Broadcom is a late comer to integrated basestation chips, but it has significant strengths including battle-hardened 3G as well as Wi-Fi silicon that it can integrate when the time is right. The company also has been a player in chips for residential femtocells, a related and still-growing market.
Ultimately small cells on carrier networks may rise to volumes as great as femtos, but there's likely more margin and revenue in small cells, said Greg Fischer, general manager of Broadcom's broadband group that deals with everything from femtos to fibre optics.
The new BCM 617xx SoCs support LTE at a low cost and with less silicon area than competitors, Fischer claims. The SoC also includes an undisclosed set of MIPS processors at a time when some OEMs are converging on the x86 and ARM.
"Some OEMs prefer [ARM], but others don't care or are agnostic because we bring a solid underpinning of the software they need," he said.
The chips also pack multiple Gbit Ethernet ports, Broadcom's Firepath DSP and PCI Express interfaces to external Wi-Fi chips. They support 40-MHz LTE bands and both FDD and TDD flavors of LTE.

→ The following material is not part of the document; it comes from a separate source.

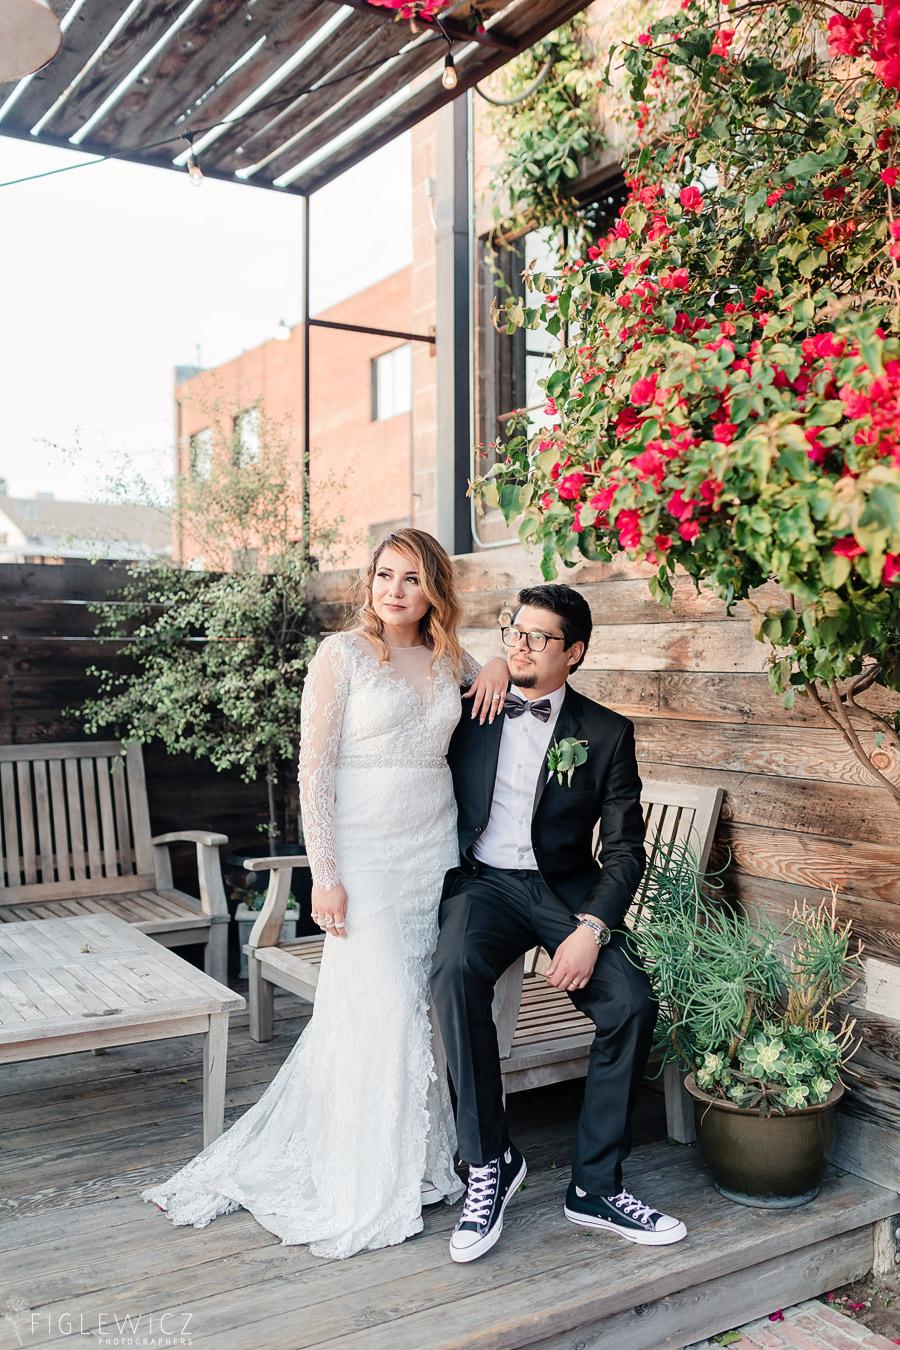 Smokey Hollows Bride and Groom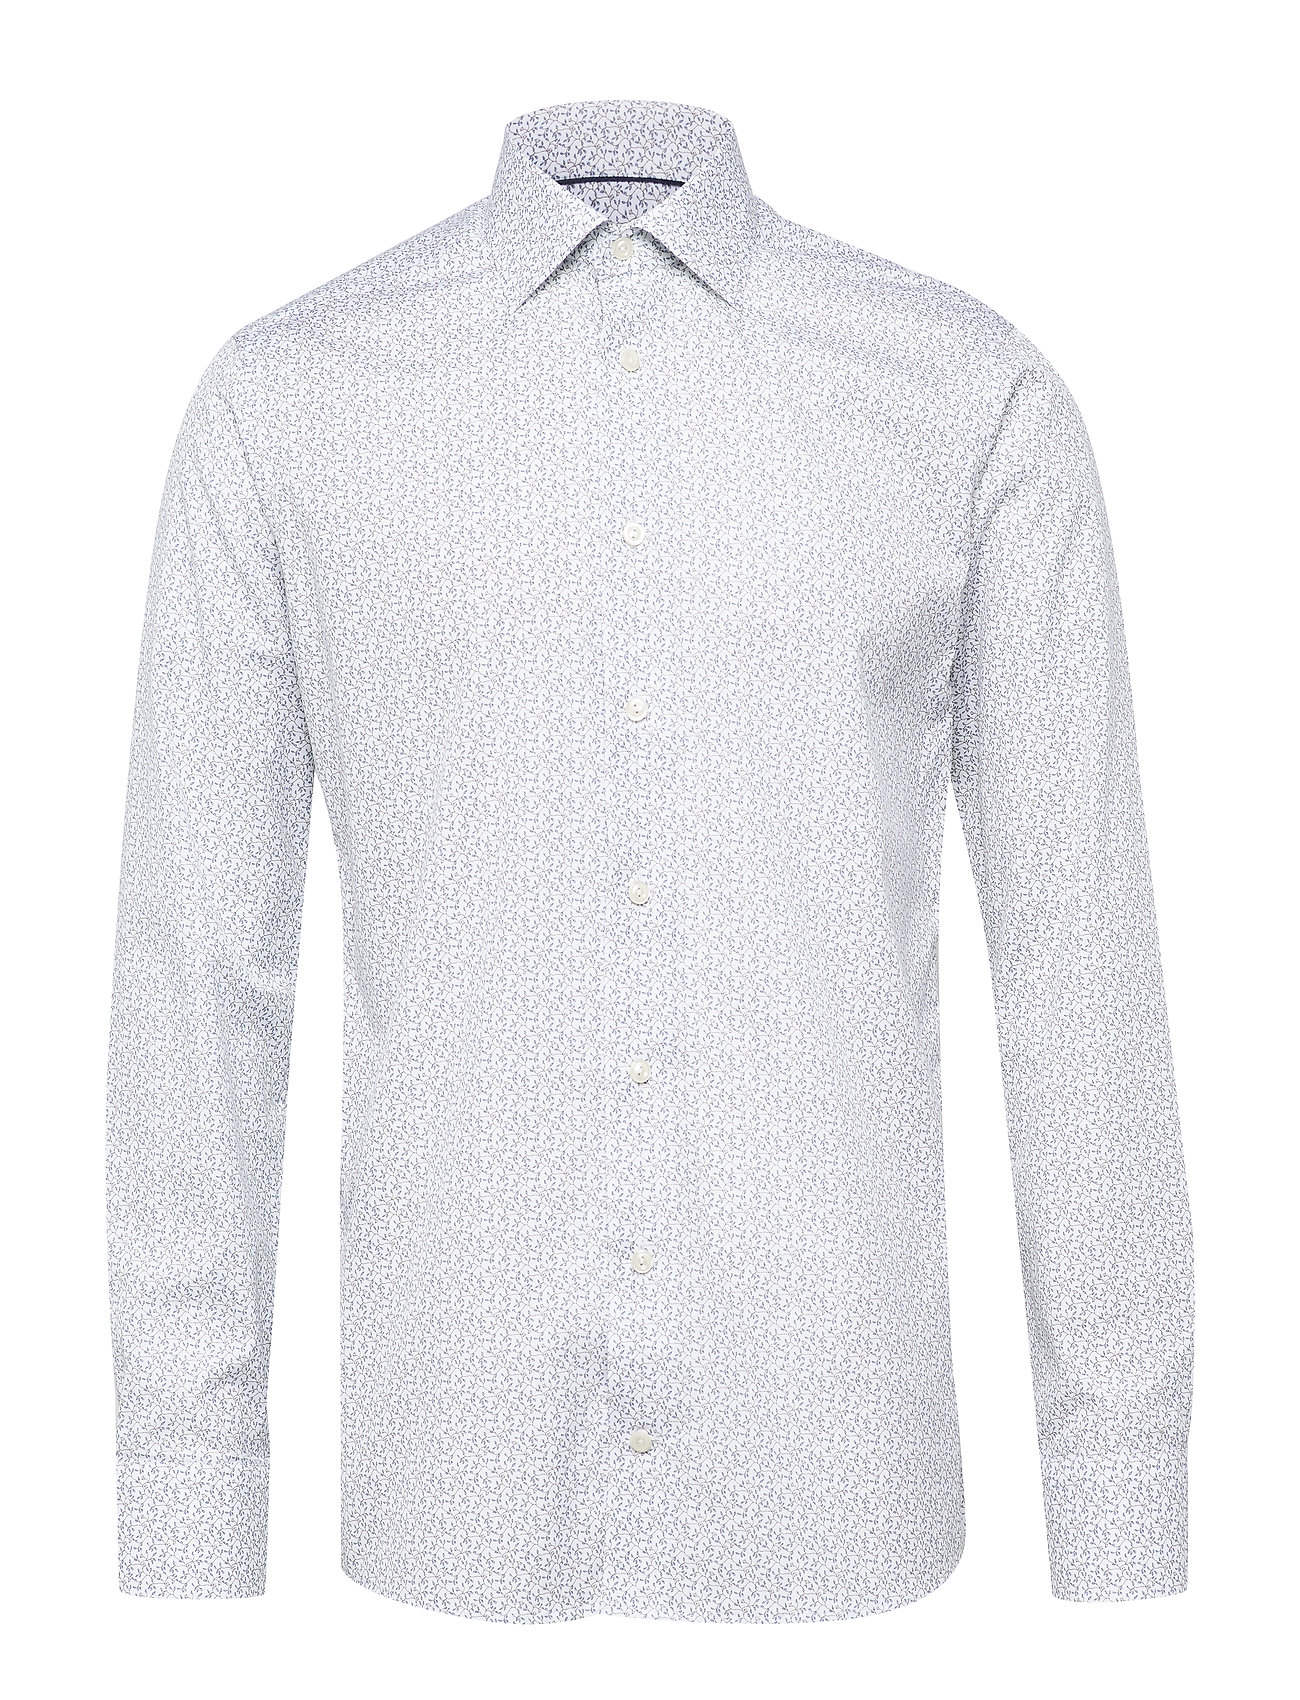 Eton Floral Poplin Shirt - WHITE

The SoCs support both the physical and transport layer needs for small cells for up to 256 users. Larger macro cells typically separate the two functions, often using OEM modem ASICs, FPGAs or third party DSPs, he noted.
The chips come in three versions for different sizes of small cells and are sampling now. Broadcom also updated its femto cell offering with the BCM61630, now supporting HSPA rates up to 21.6 Mbits/s and in volume production by June.